How old are we looking at here? I think that can depend on what type of discipline they are getting. I think that even in doing foster care you should definitely discipline the children obviously if it's called for. I think Kids should be told why they are being punished. I may not be a mom just yet but i have had oh about 20 years experience with my own nephews and nieces. One of my nephews had gotten so bad (mouthy as can be & disrespectful) that i had him clean out his room and put all of his toys in trash bags (he thought they were going in the garbage but i'm not that mean) i then had him bring them all into the living room and they were put in the corner. I then took the TV out of the room and grounded him to the room.He was punished for 2 days and since he had nothing better to do the room was immaculate when he came off groundation.
ReplyDeleteLike i said i think it depends on their age, this particular nephew was about 8 at the time so spanking usually isn't much of a punishment at that stage. He learned his lesson and got all of his toys back and he was good for me the rest of the time i had him. I believe it is all the process of learning. Like you i was a child of spankings and i turned out just fine.

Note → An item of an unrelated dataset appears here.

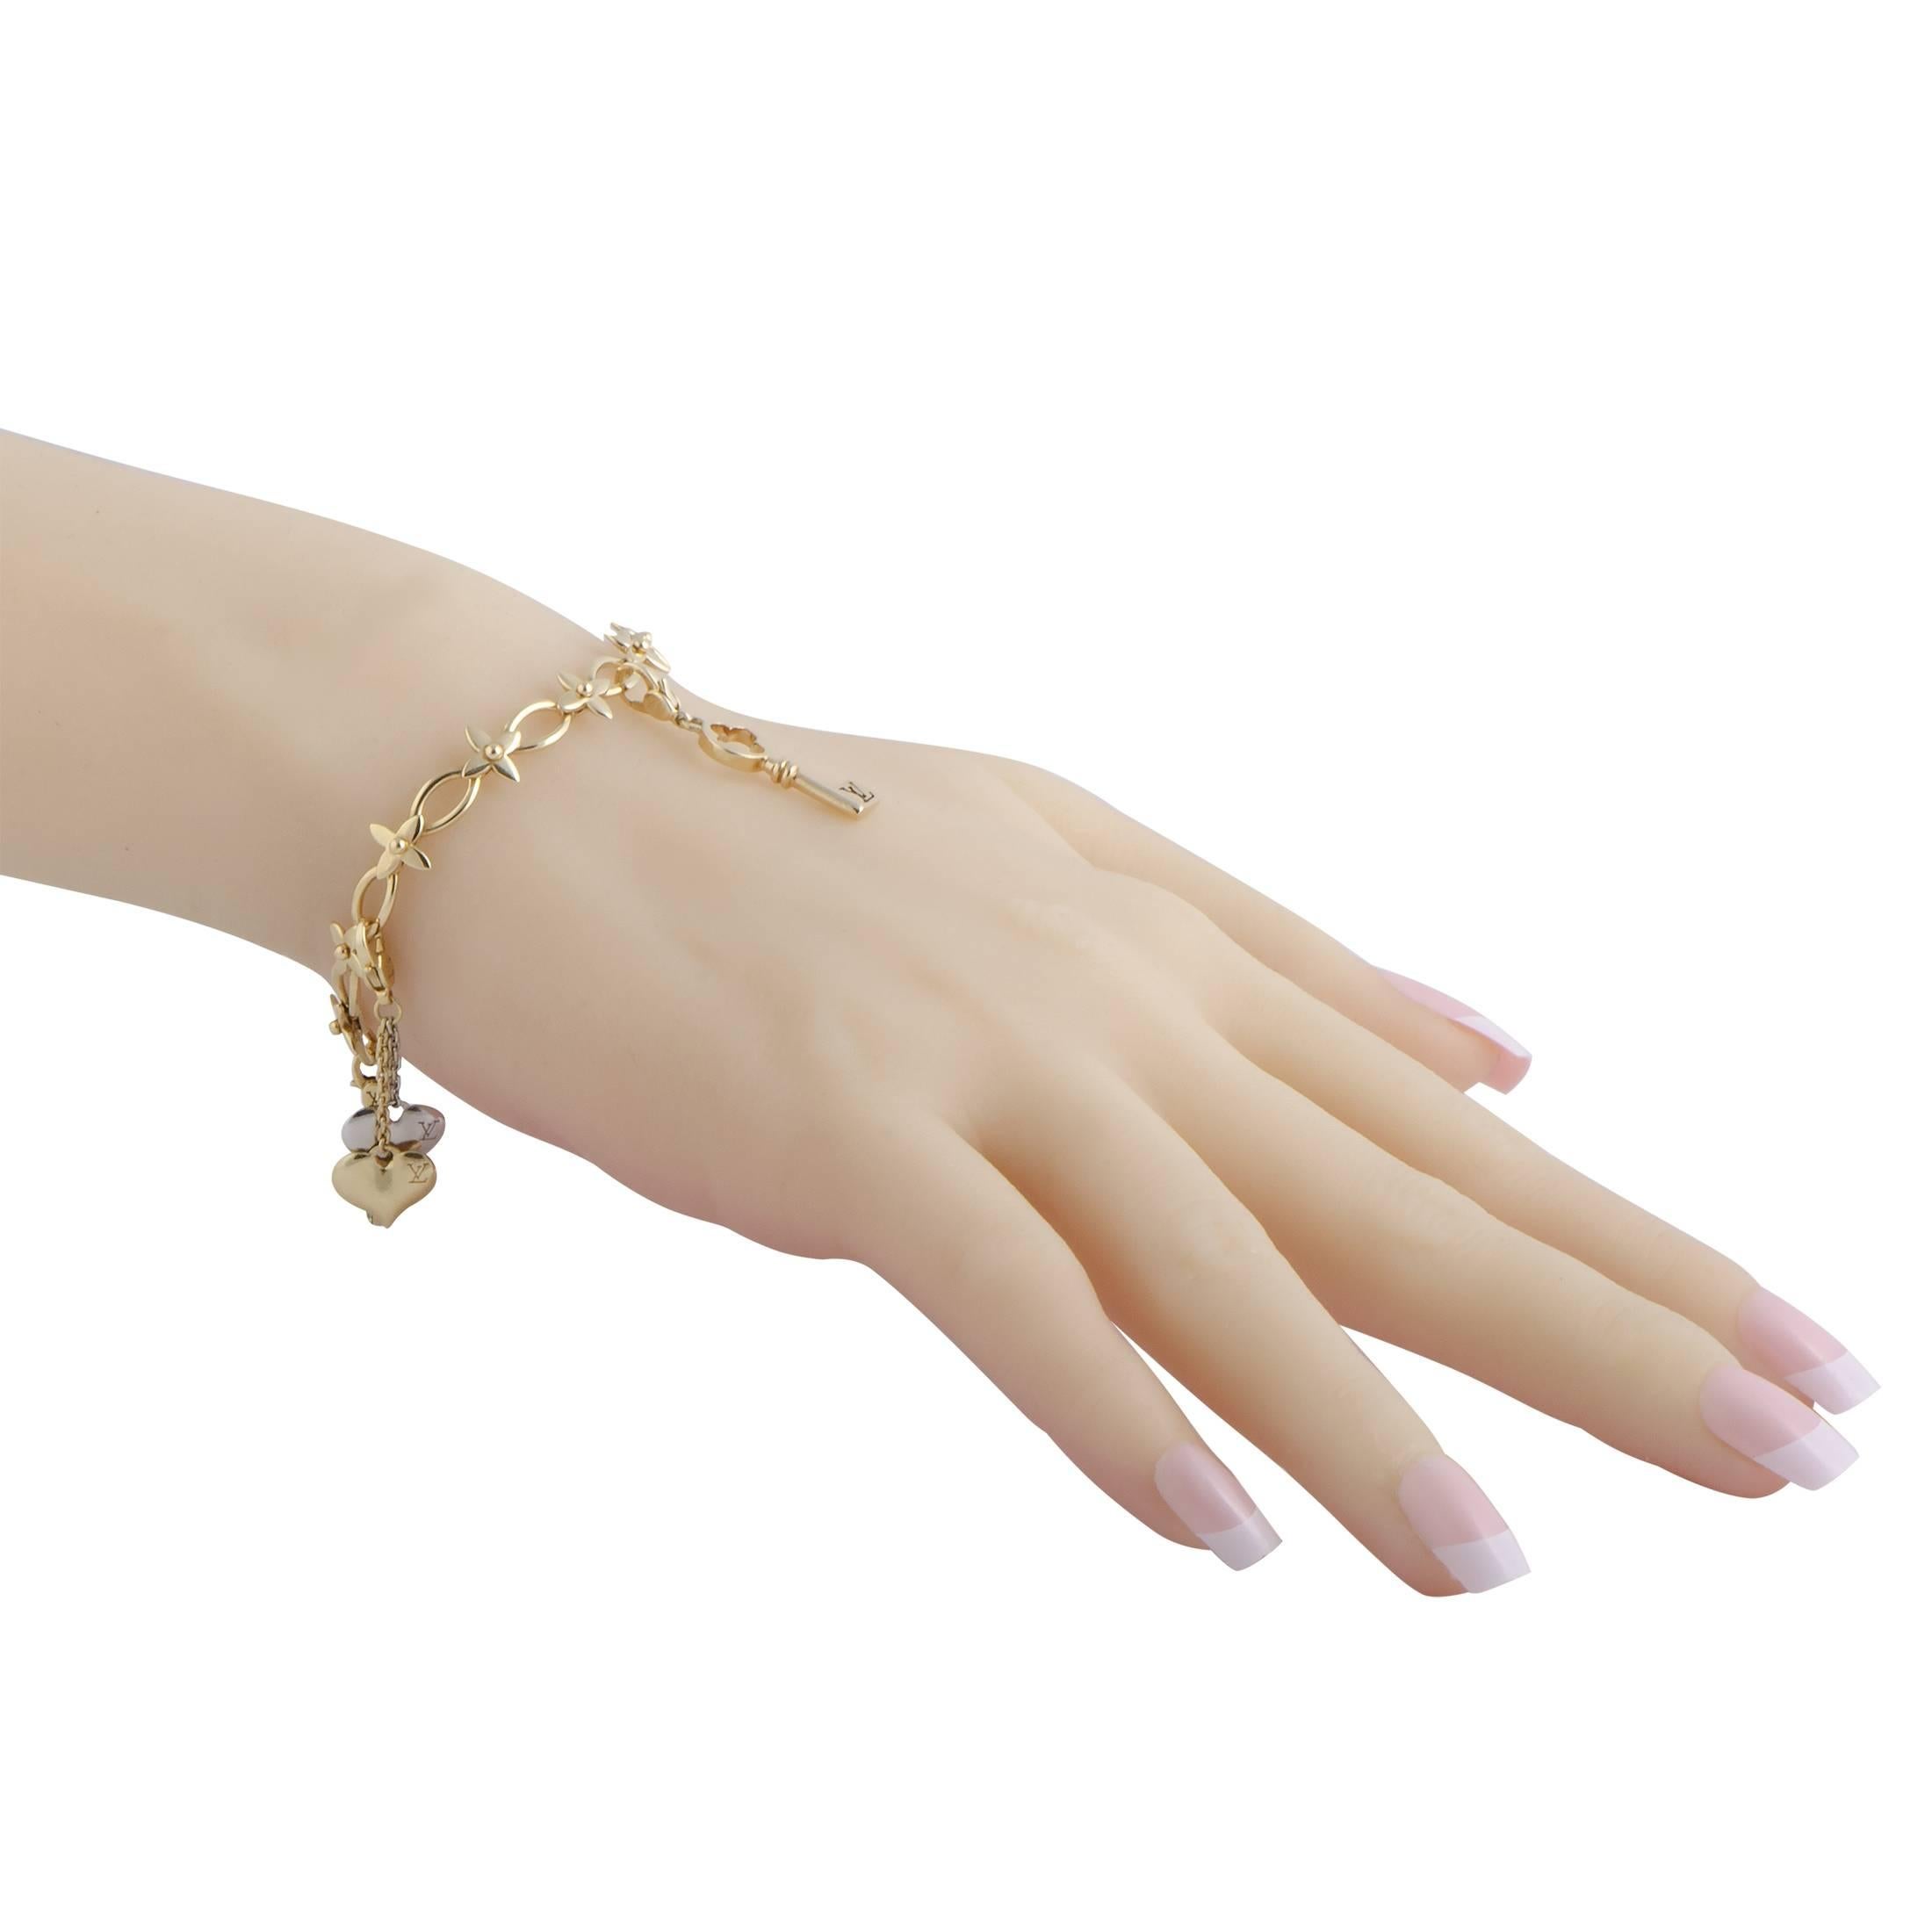 This gorgeous bracelet perfectly captures the spirit of Louis Vuitton designs, offering a look of timeless elegance and refinement. The bracelet is made of classic 18K yellow gold and embellished with diamond and peridot stones. 
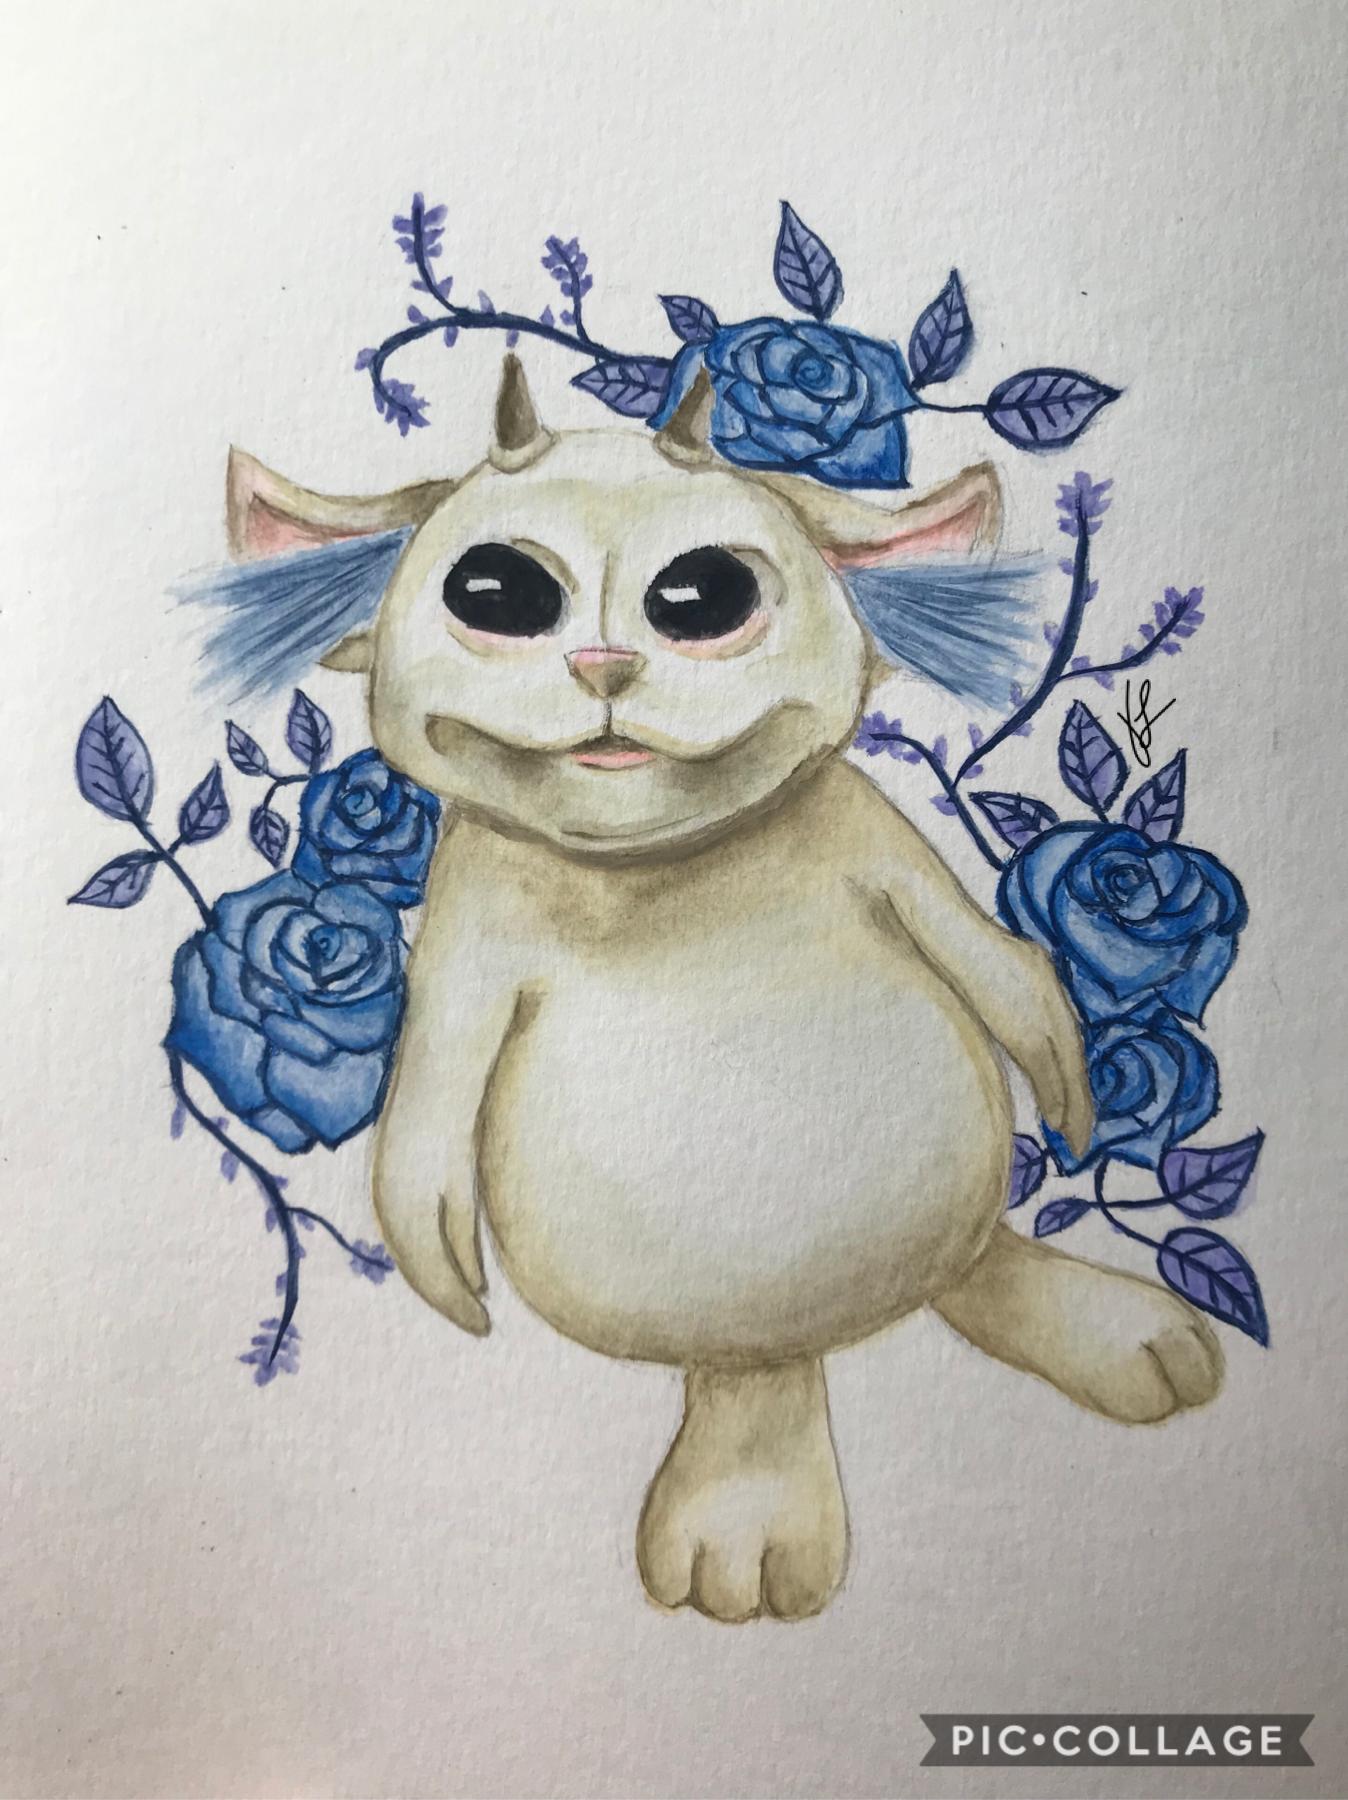 Finished Ned! We had blue roses as our wedding flower so this was fun :) I just wanted to fit the color scheme instead of doing yellow daisies

In regards to foster children, The child I am referring to is 2yrs old. I absolutely agree with you, disciplined should be age appropriate. Because children that are in the system have already been stripped of their normalcy and at times come from tramatic situations, you have to go about things a bit differently and tread lightly. I say time out is our go-to punishment, mainly because he is so young and already has a hard time comprehending due to some hearing problems. We too, have recently removed all the toys from him room, due to throwing toys in the midst of tantrums. One of the tools that the class taught was "Getting Close", and that really helps too. After they have calmed down, coming down to there level and speaking to them that way. Because of his hearing, we do a lot of demonstrating and roll playing so he can better understand what we are saying. Otherwise he will look right through us and have no clue what you just said. You hit in right on the nail, its totally a learning process. We have realized some behaviors aren't worth using time out and instead just ignoring and you eventually see the behavior happen less.